Task description
Full transcription, minus images: write out the listing below exactly as it appears.

Collected material
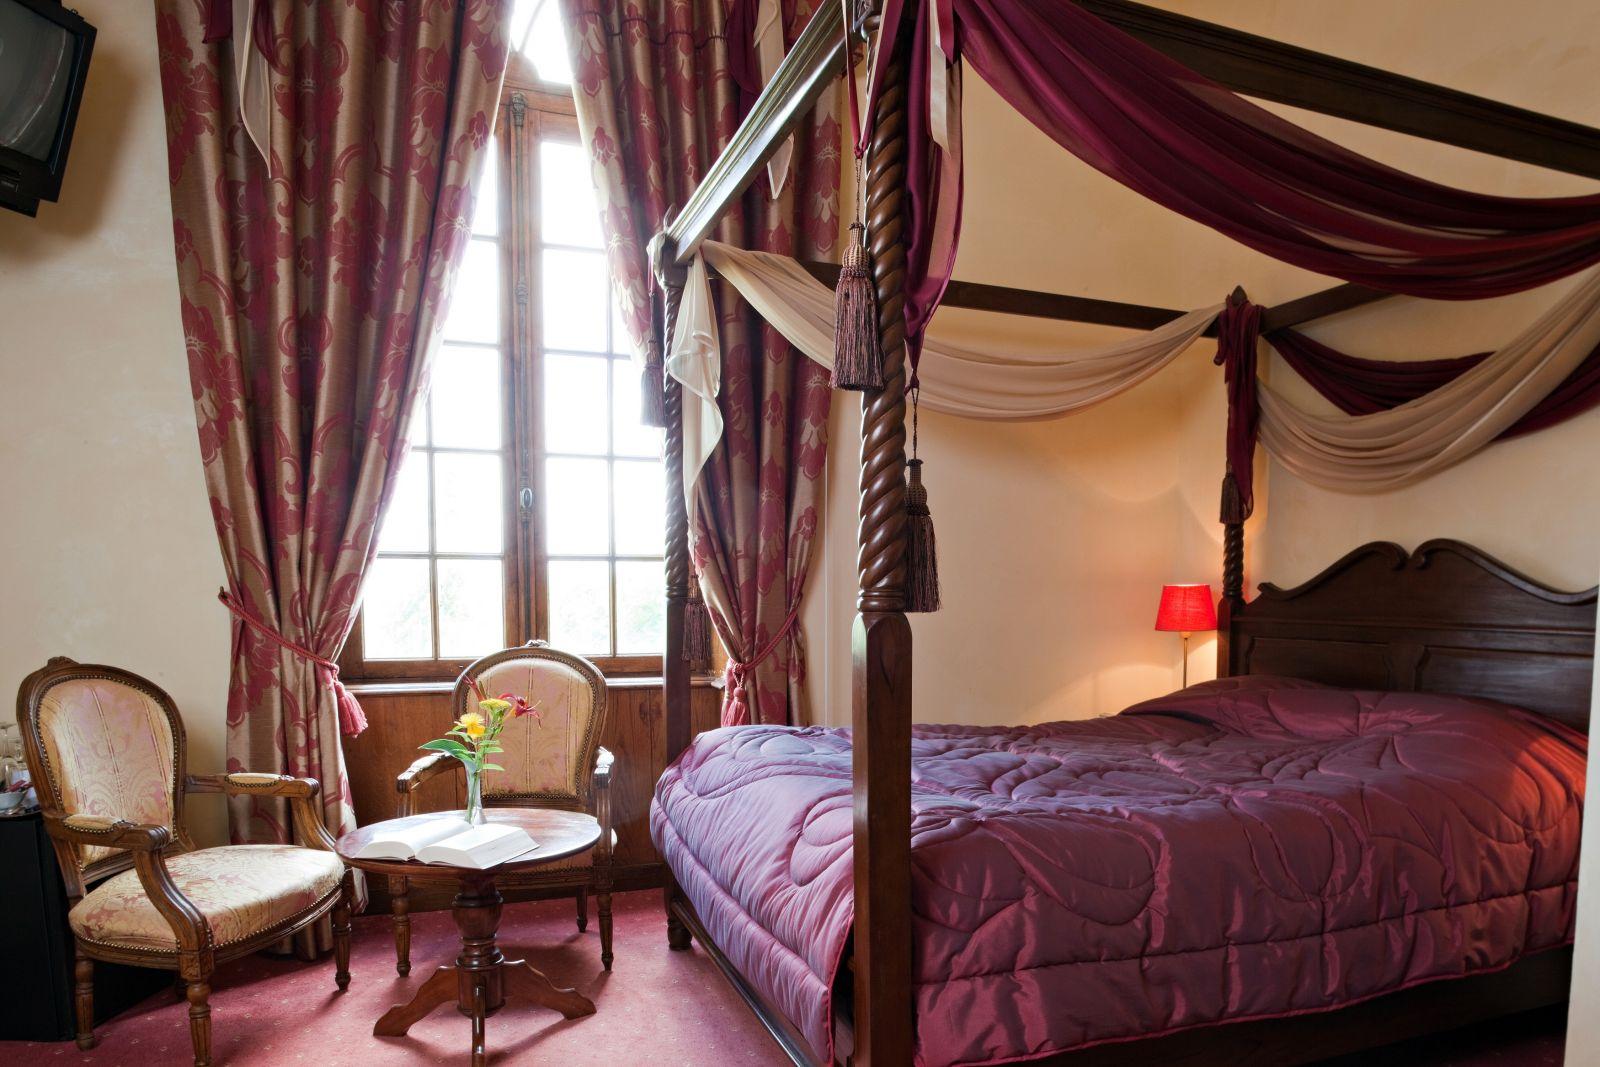 Дизайн спальни 18 кв м с балдахином
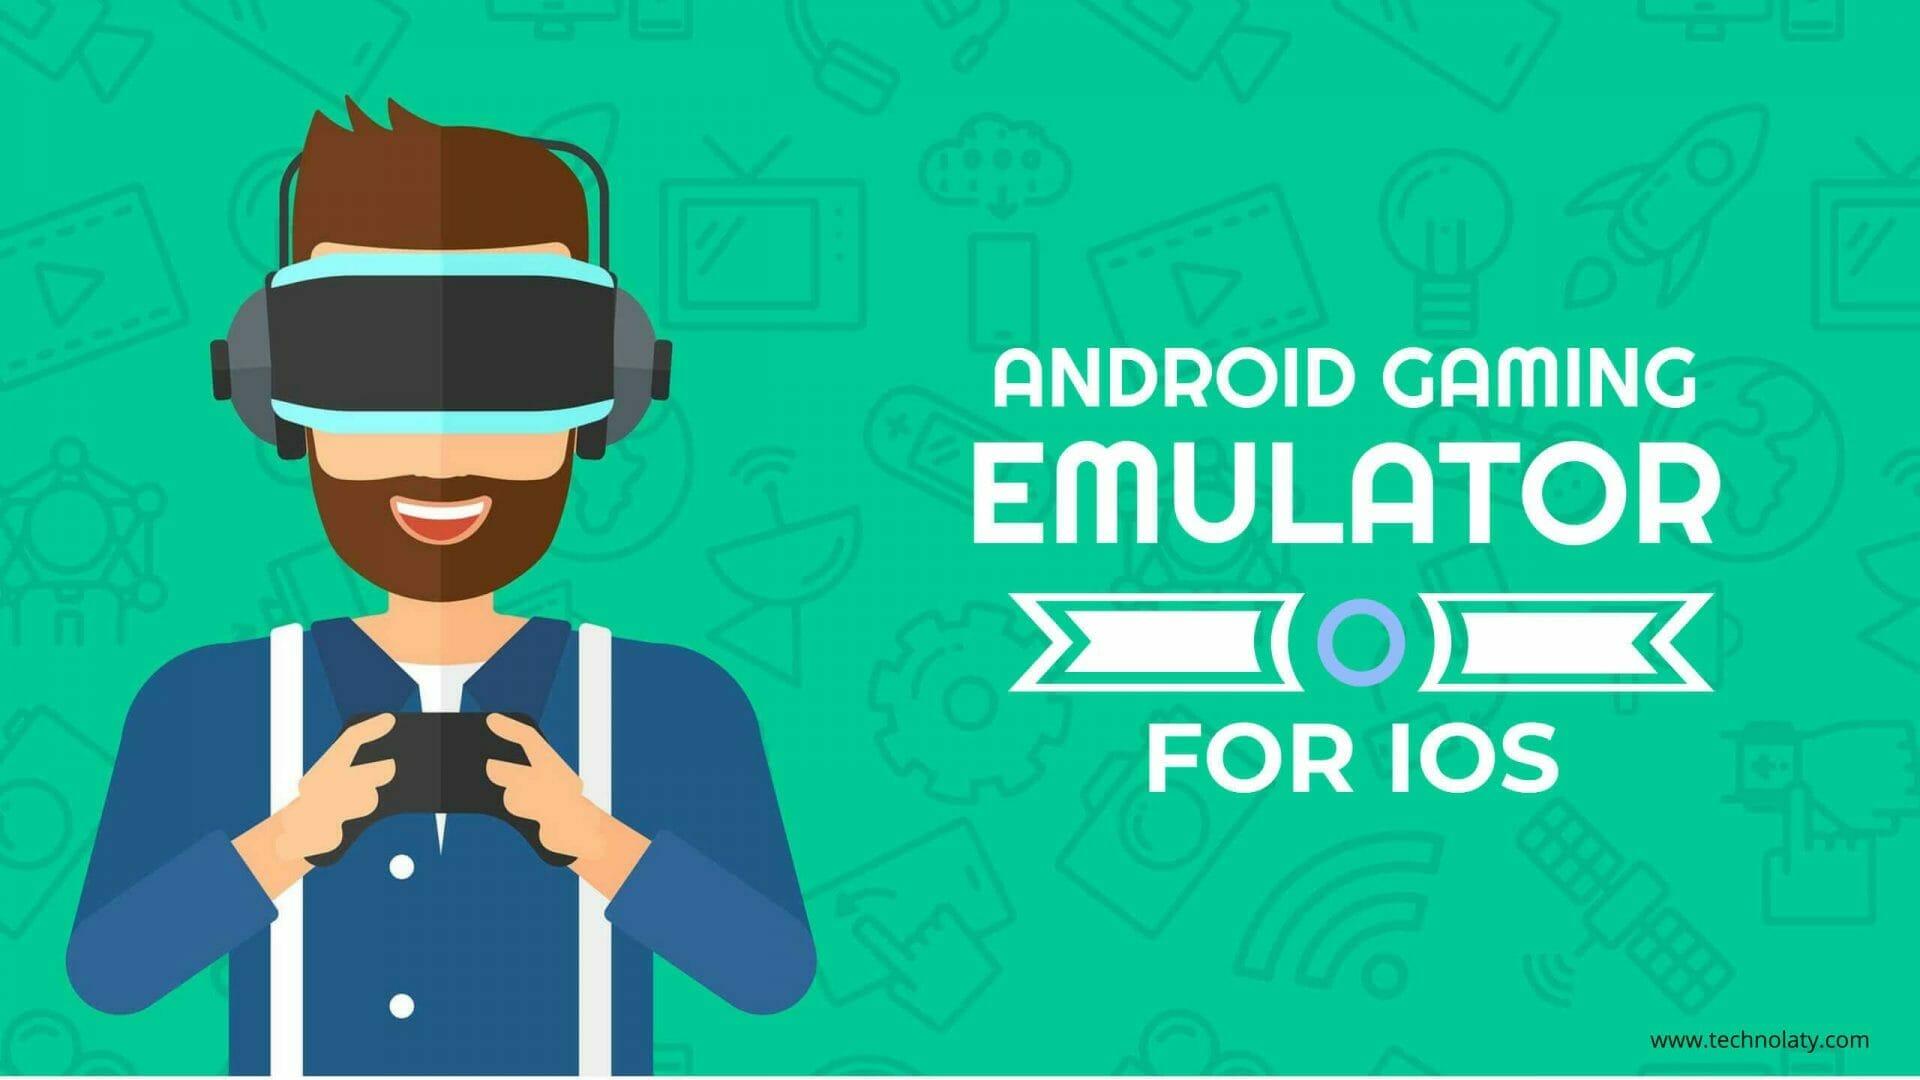 IOS Gaming Emulator for pc
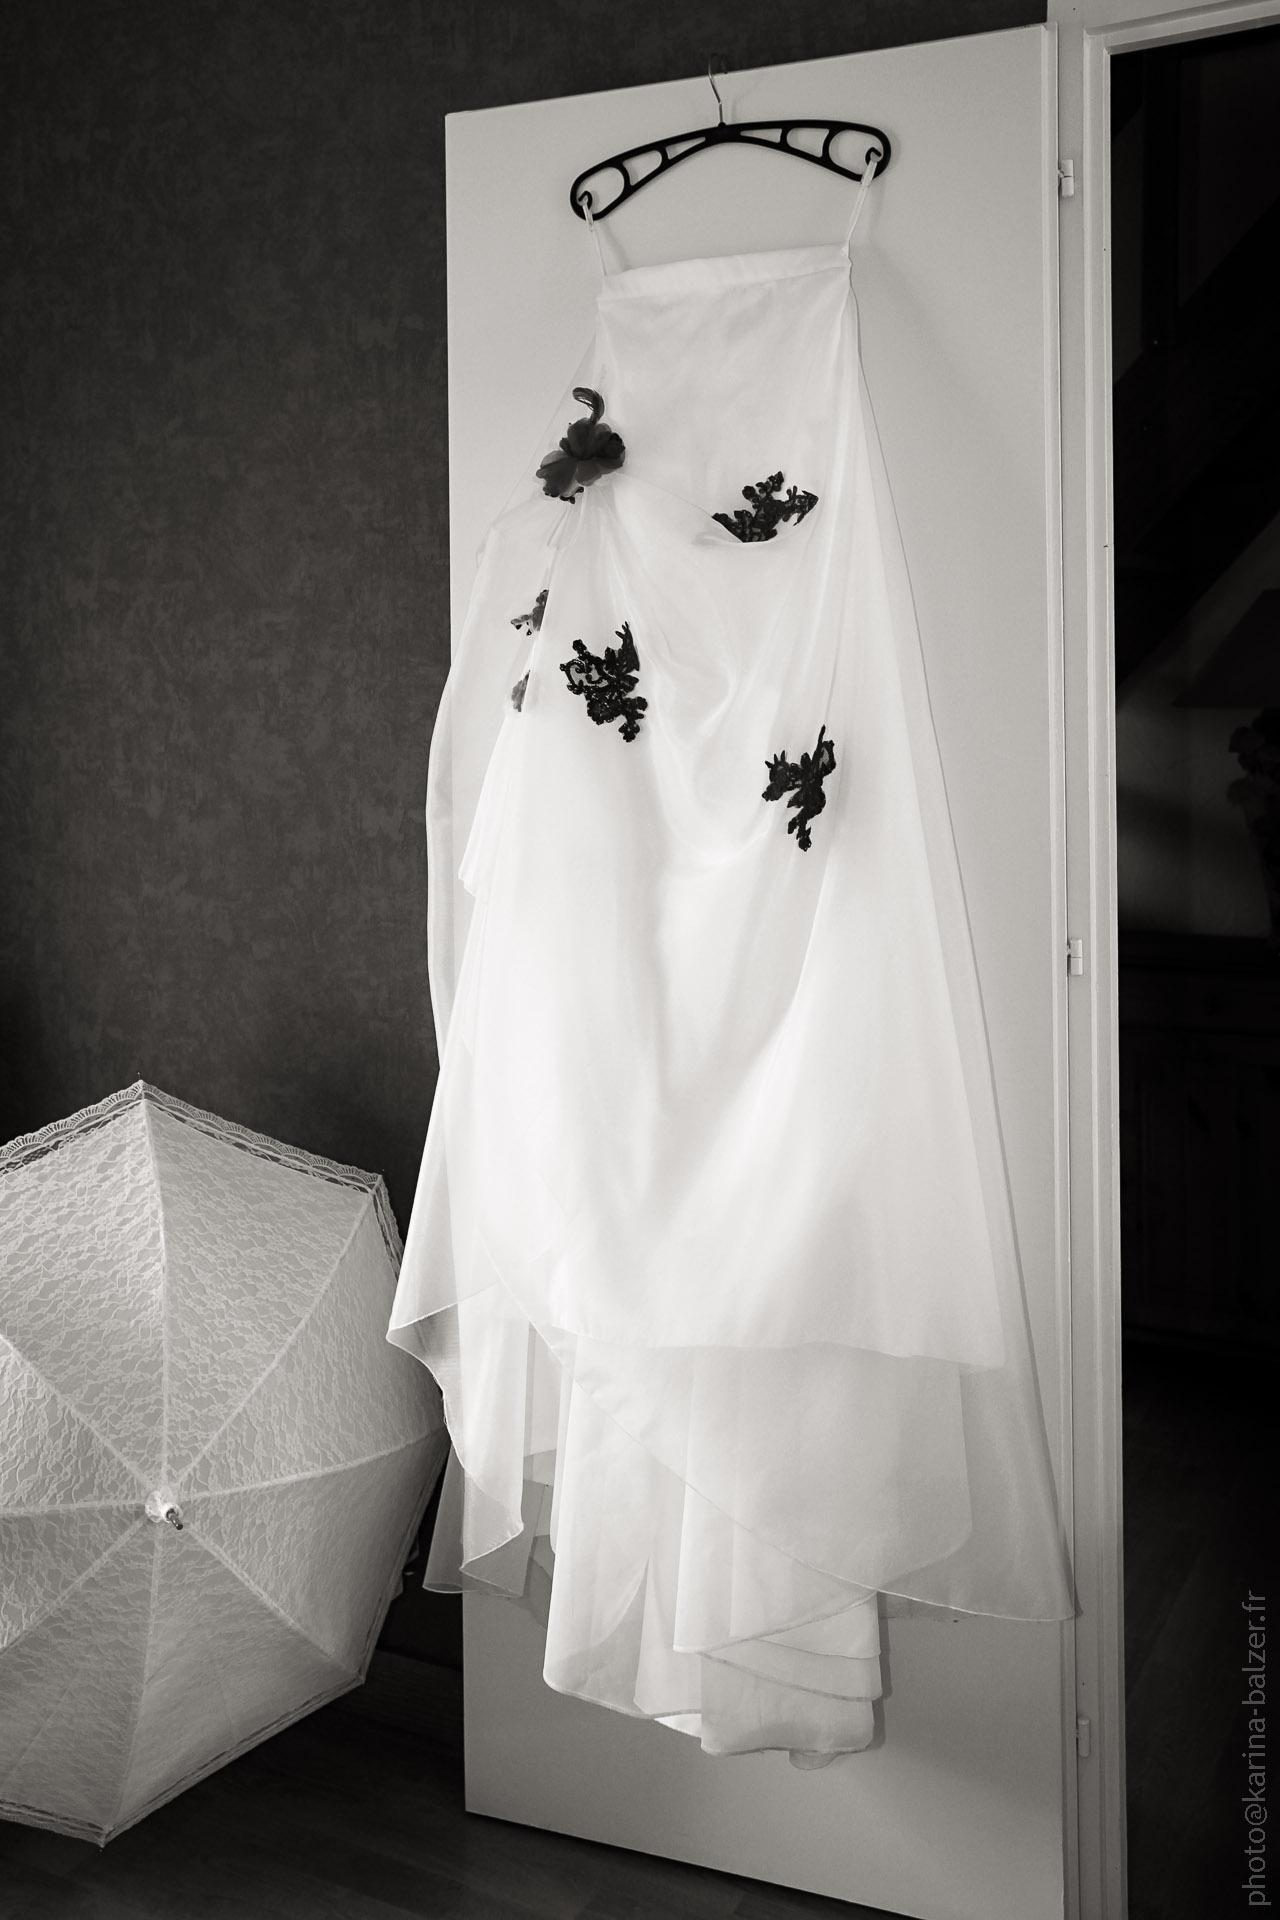 karina balzer photo de mariage noir et blanc img 0007sep karina balzer. Black Bedroom Furniture Sets. Home Design Ideas

Exercise output
 Дизайн спальни 18 кв м с балдахином
 IOS Gaming Emulator for pc
 karina balzer photo de mariage noir et blanc img 0007sep karina balzer. Black Bedroom Furniture Sets. Home Design Ideas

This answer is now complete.